Siempre en Septiembre volvía al pueblo y se ponía a buscar setas en el campo. Pobre Alicia. Ella nunca supo nada sobre el tiempo. Cogía un pañuelo del abuelo y salía de noche a por las setas inexistentes. Para ella, cualquier estación era invierno. Palpaba el suelo con manos temblorosas y cuando empezaba a amanecer, cansada y un poco alterada por el silbido de los trenes, regresaba a casa. Caminaba despacio, dando un rodeo. Cuando alguien del pueblo se cruzaba con ella y la saludaba, ella nunca contestaba. Al alejarse unos pasos, sonreía.
Al llegar a casa, se despojaba parsimoniosamente de sus ropas de muertos y santos, ropas antiguas que se pegaban a su cuerpo de niña enferma y así, desnuda, extendía sus manos a través de la ventana abierta y le arrancaba hojas al ciprés.
De vez en cuando, bajaba al sótano donde el abuelo trabajaba el bronce y le tiraba del pelo. El anciano la observaba ignorar sus medicinas o caminar descalza y callaba, porque ni la fuerza de su juventud pasada ni la sabiduría de su madurez podían competir con la compasión que sentía hacia su nieta.
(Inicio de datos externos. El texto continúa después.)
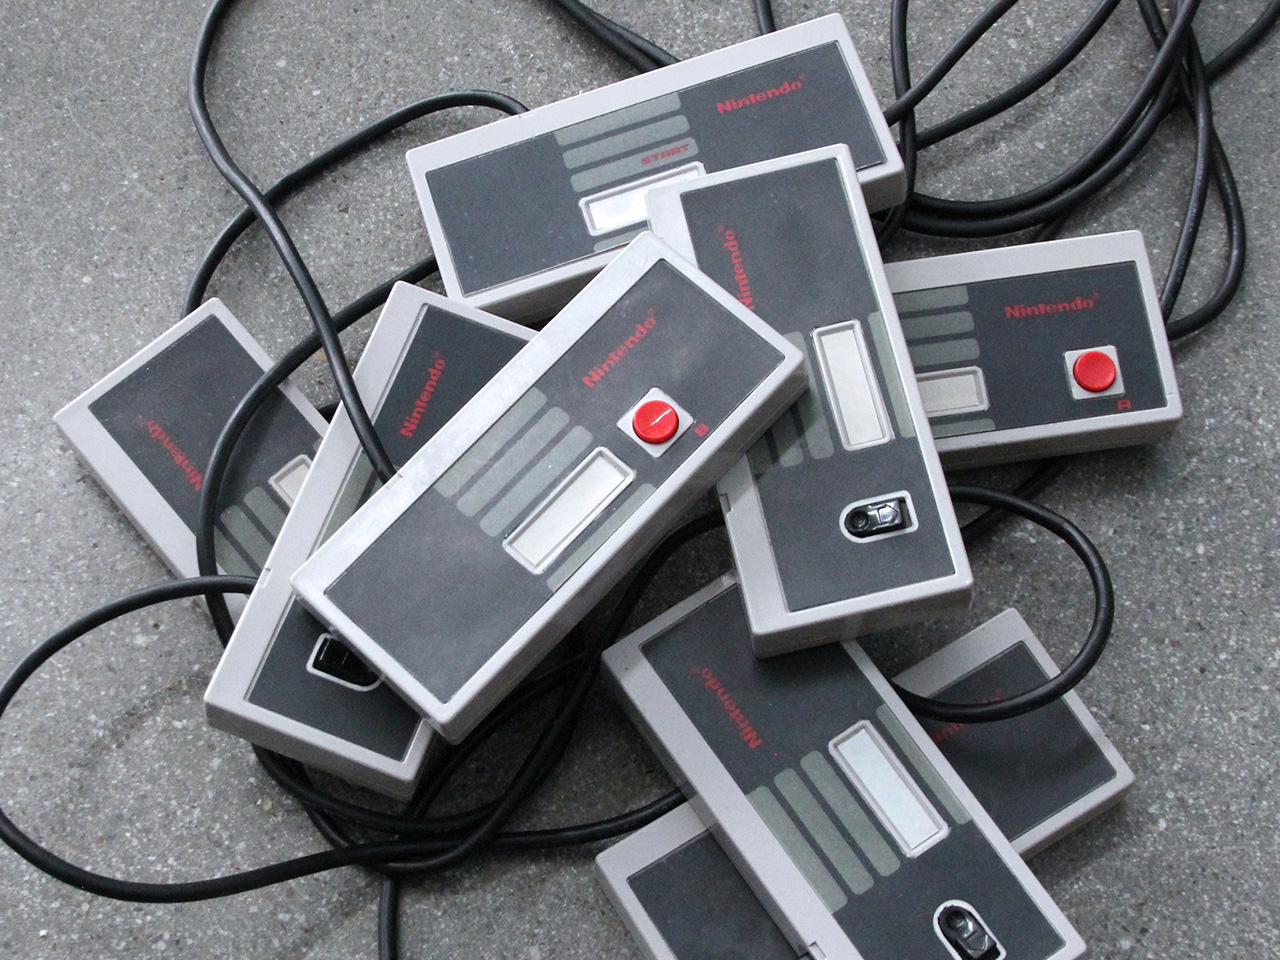 A close-up photograph of the Octopad's eight one-switch controllers in a pile on the ground.
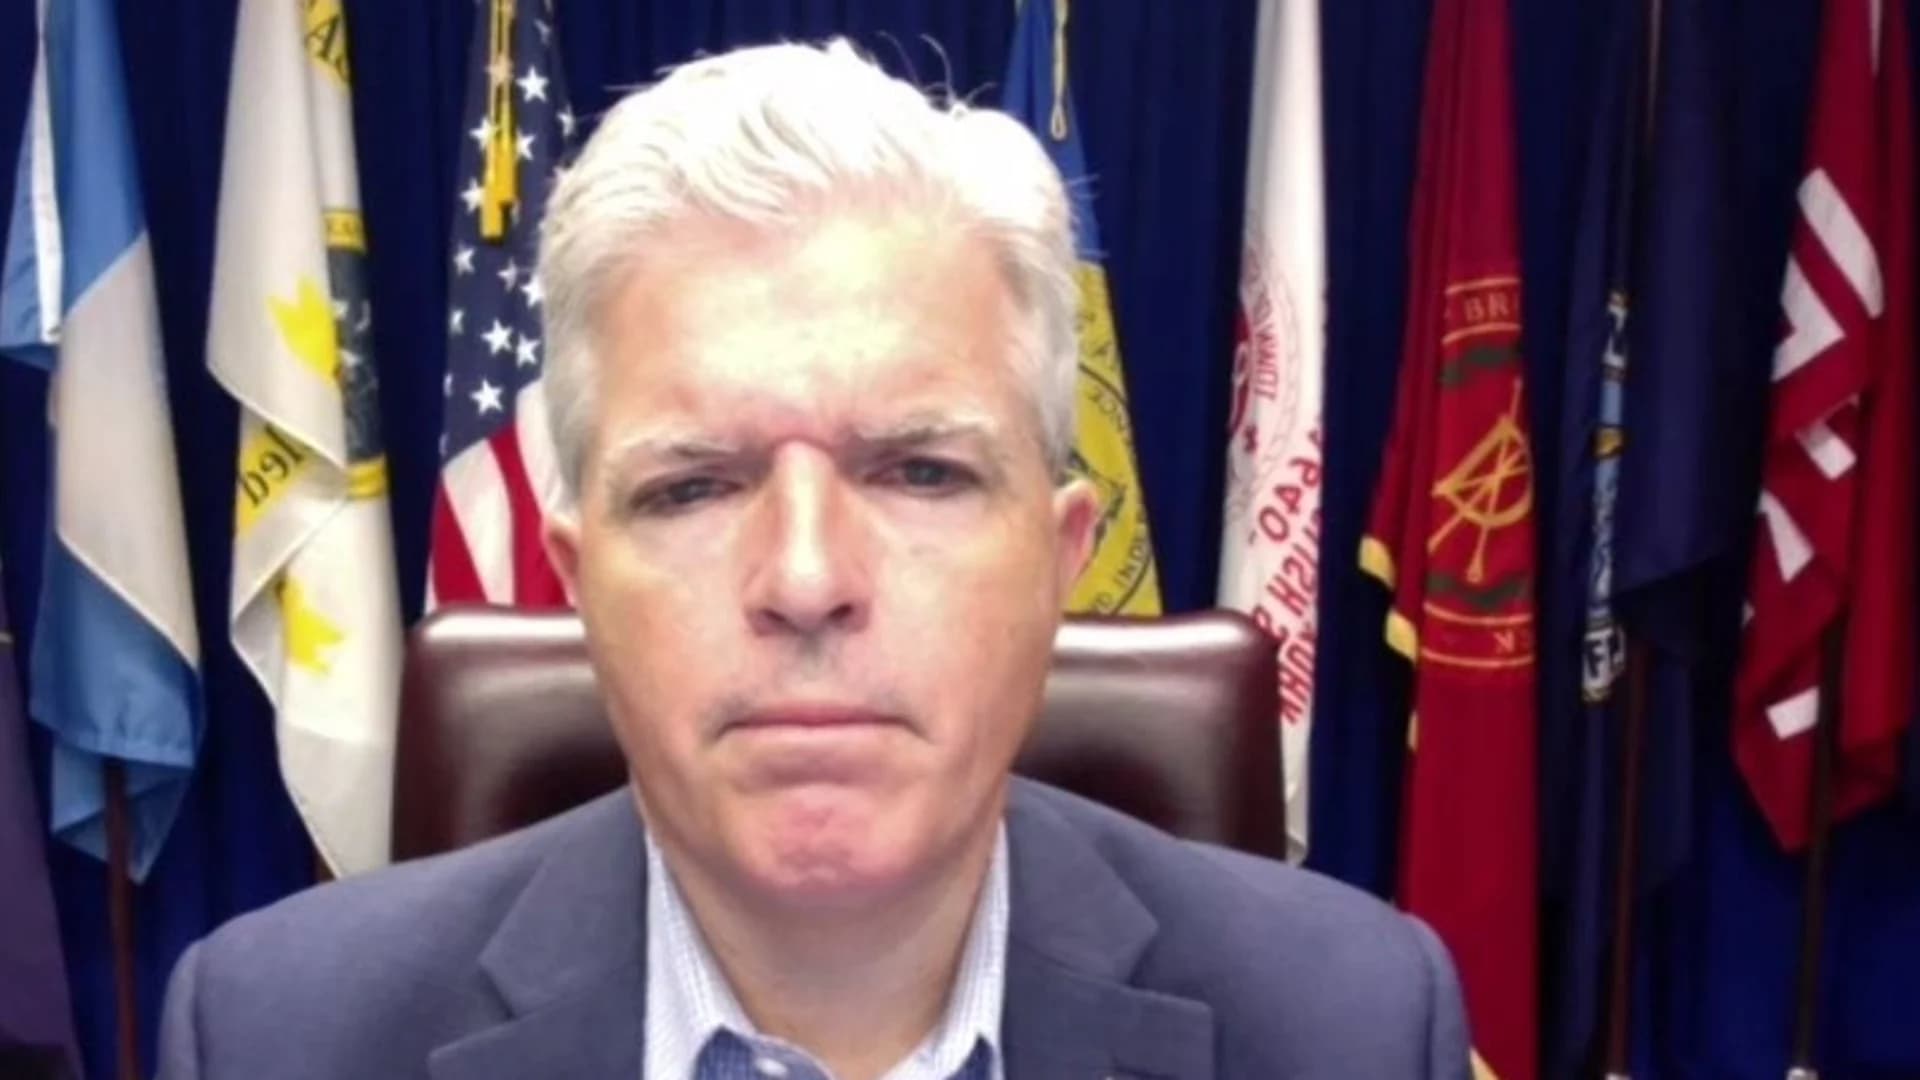 Bellone issues safety reminder as new Suffolk COVID-19 cases hit 'highest we have seen in some time'

Al terminar el invierno, cuando el frío se la llevó, hizo talar el ciprés y se encerró a modelar madera por primera vez. Muchos fueron los que la lloraron pero solo el abuelo la perdió. Por eso, en el cementerio de mi pueblo, hay un busto de una niña con una cesta llena de setas y una tosca inscripción que simplemente reza "Para Alicia".
Nada es tan heroico como el amor ni tan cruel como el tiempo.